À propos de cette édition

Éditeur
BQ
Genre
Science-fiction
Longueur
Nouvelle
Paru dans
Anthologie de la science-fiction québécoise contemporaine
Pagination
51-60
Lieu
Montréal
Année de parution
1988
Support
Papier

Résumé/Sommaire

Considérée comme une sorcière, élément indésirable de la société de Mingue, Ivana a été lynchée, mais sa fille Ivanassa a pu s’échapper dans la forêt. Le trappeur Matthéek, lancé sur ses traces pour la secourir, la trouve grièvement blessée. Il l’amène chez lui, la soigne tout en maudissant cette société qui l’a marginalisé lui aussi parce qu’il est un mutant. Elle meurt toutefois durant la nuit, non sans avoir offert à Matthéek un don ultime : il ne boitera plus.

Première parution

Petite Sorcière (La) 1981

Commentaires

C’est sous le signe de la tendresse et de la révolte que s’inscrit ce texte sensible de René Beaulieu. Un style sobre accompagne une bonne structure textuelle pour traduire avec délicatesse la gamme d’émotions vécue par le trappeur. Délicatesse et efficacité : le lecteur vit avec Matthéek l’inquiétude et l’angoisse, ressent la gratitude du handicapé envers la "petite sorcière" qui lui a donné la guérison en opérant le miracle.

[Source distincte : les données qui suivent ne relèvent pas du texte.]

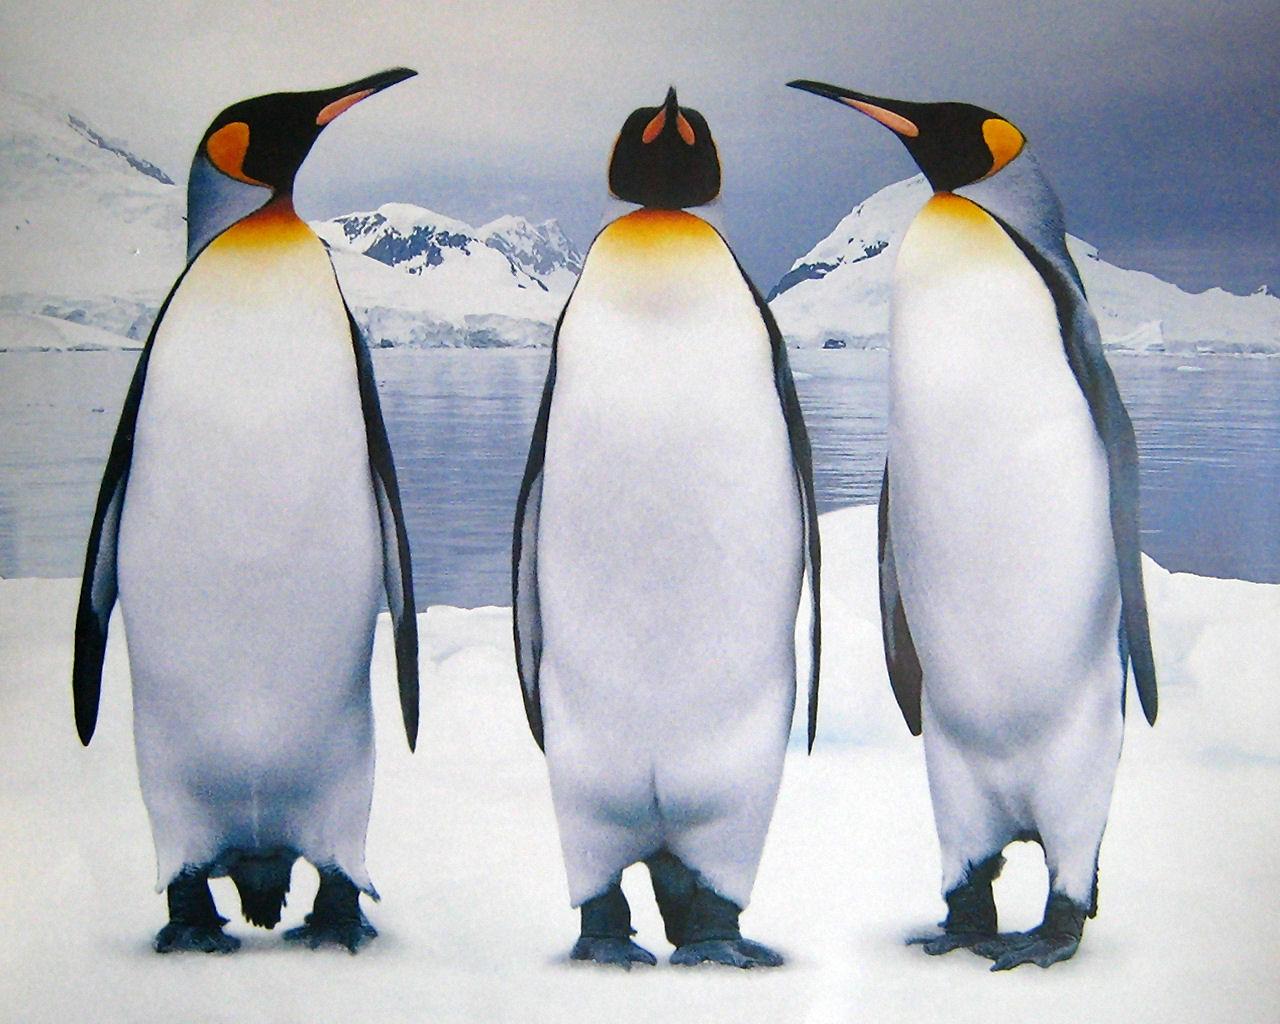 download wallpaper: pooldieren – drie pinguins wallpaper

La conclusion du miracle, qui oriente ce récit de science-fiction vers le merveilleux, peut apparaître facile par sa logique évidente. Cependant, sa fonction sert à rehausser le lien profond qui s’est tissé entre les deux protagonistes, unis par leur marginalité au sein de la société.

De plus, elle appelle une réflexion de type moral. La solidarité, le don désintéressé de soi élèvent l’homme au-dessus des mesquineries, de l’op­pression sociale. Elles provoquent le miracle d’une communication vraie. La progression narrative, de même que le style sobre, évitent au texte de sombrer dans le pathos et lui confèrent une facture classique.

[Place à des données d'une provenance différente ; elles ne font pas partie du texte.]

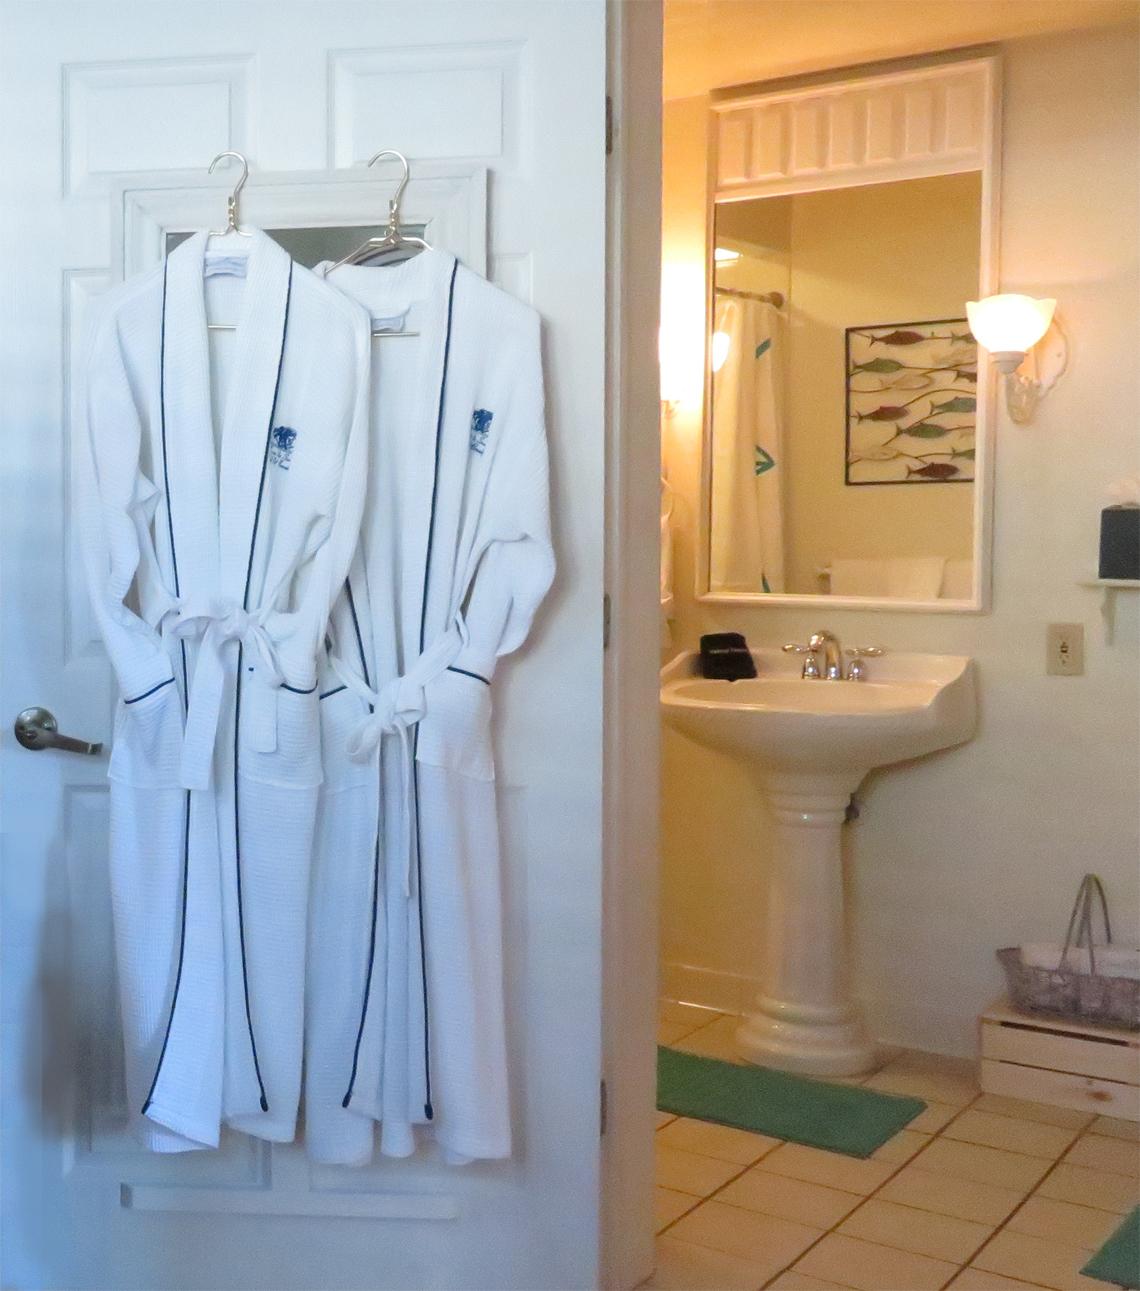 Nieves bathrobes and bathroom

La réussite de « La Petite sorcière » repose surtout sur des allusions bien campées sur les sociétés minguéenne et virnienne. Par le biais du meurtre d’Ivana et des réflexions de Matthéek, le lecteur saisit les lignes directrices d’un monde post-cataclysmique. La société a régressé au stade tribal avec une structure centrée sur des petites communautés humaines. Ce regrou­pement, joint au phénomène des mutants touchés par les radiations, favorise le rejet de toute différence, de toute altérité humaine. Les deux sorcières n’ont-elles pas payé de leur vie cette différence ?

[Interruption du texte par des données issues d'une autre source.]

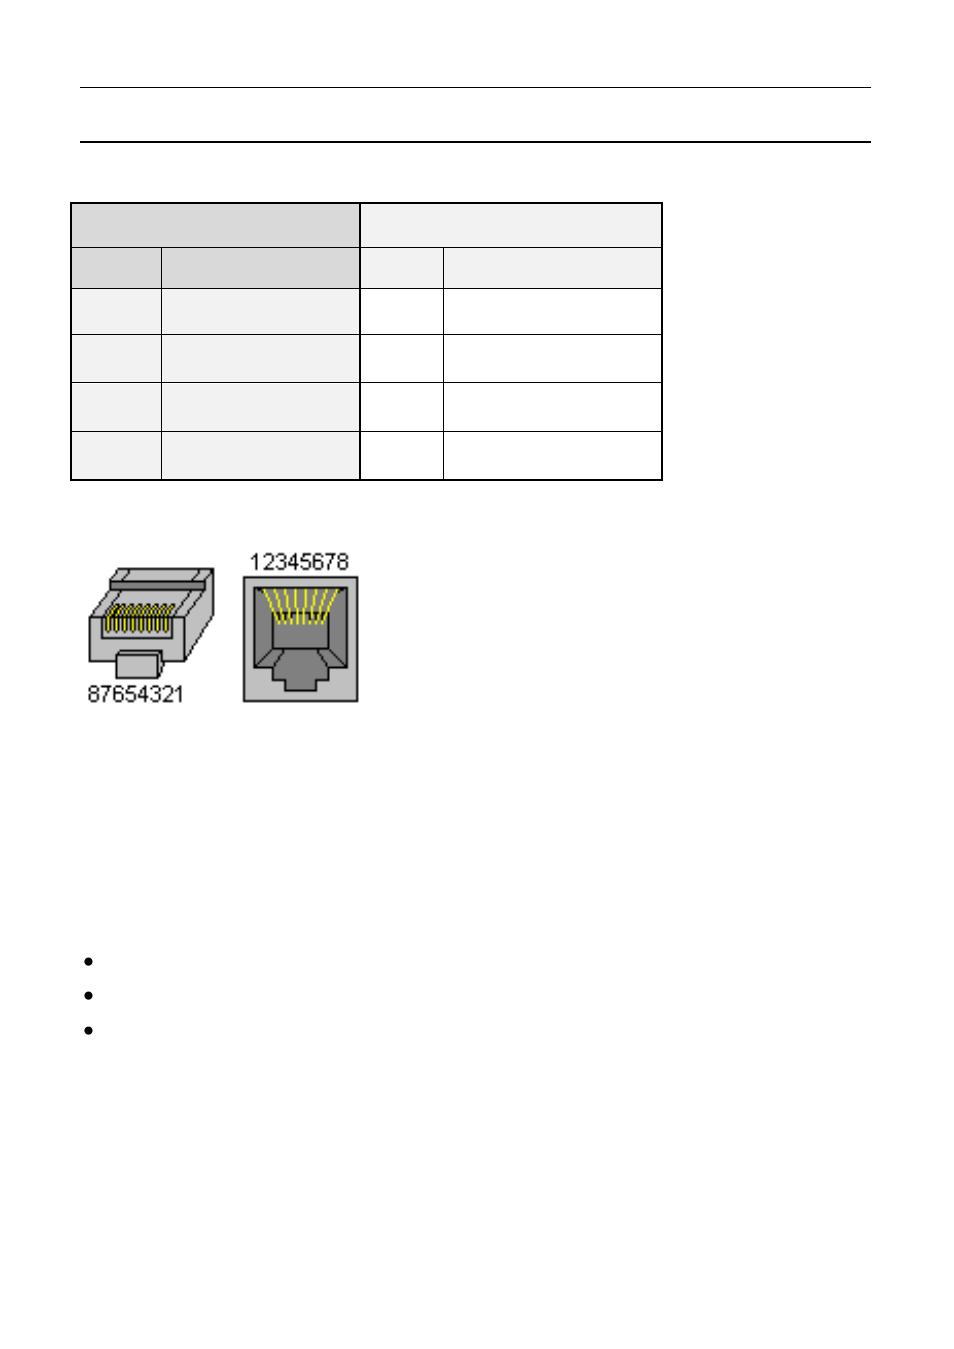 medium resolution of ethernet wiring diagram tx rx basic electronics wiring diagram ethernet wiring diagram tx rx

Que ce soit à Mingue ou à Virnie, la situation demeure inchangée. Les parents de Matthéek ont dû fuir de Virnie pour avoir voulu garder leur fils. Ce dernier, devenu adulte, vit à l’extérieur de la communauté, dans la forêt. Cette omniprésence de la pression sociale, décrite sur un mode allusif, encourage la participation du lecteur. Elle trouve par ailleurs écho dans les autres récits formant les Légendes de Virnie, axés sur la recherche de l’identité et l’acceptation réelle des autres, de la différence. Une correspondance intertextuelle qui ne peut que réjouir le lecteur : elle ajoute profondeur et vraisemblance à une narration efficace.

« La Petite sorcière » : un conte à relire pour le "plaisir du texte". Sa réédition : une invitation à renouer avec l’univers des Légendes de Virnie. [SB]

  • Source : L'ASFFQ 1988, Le Passeur, p. 21-22.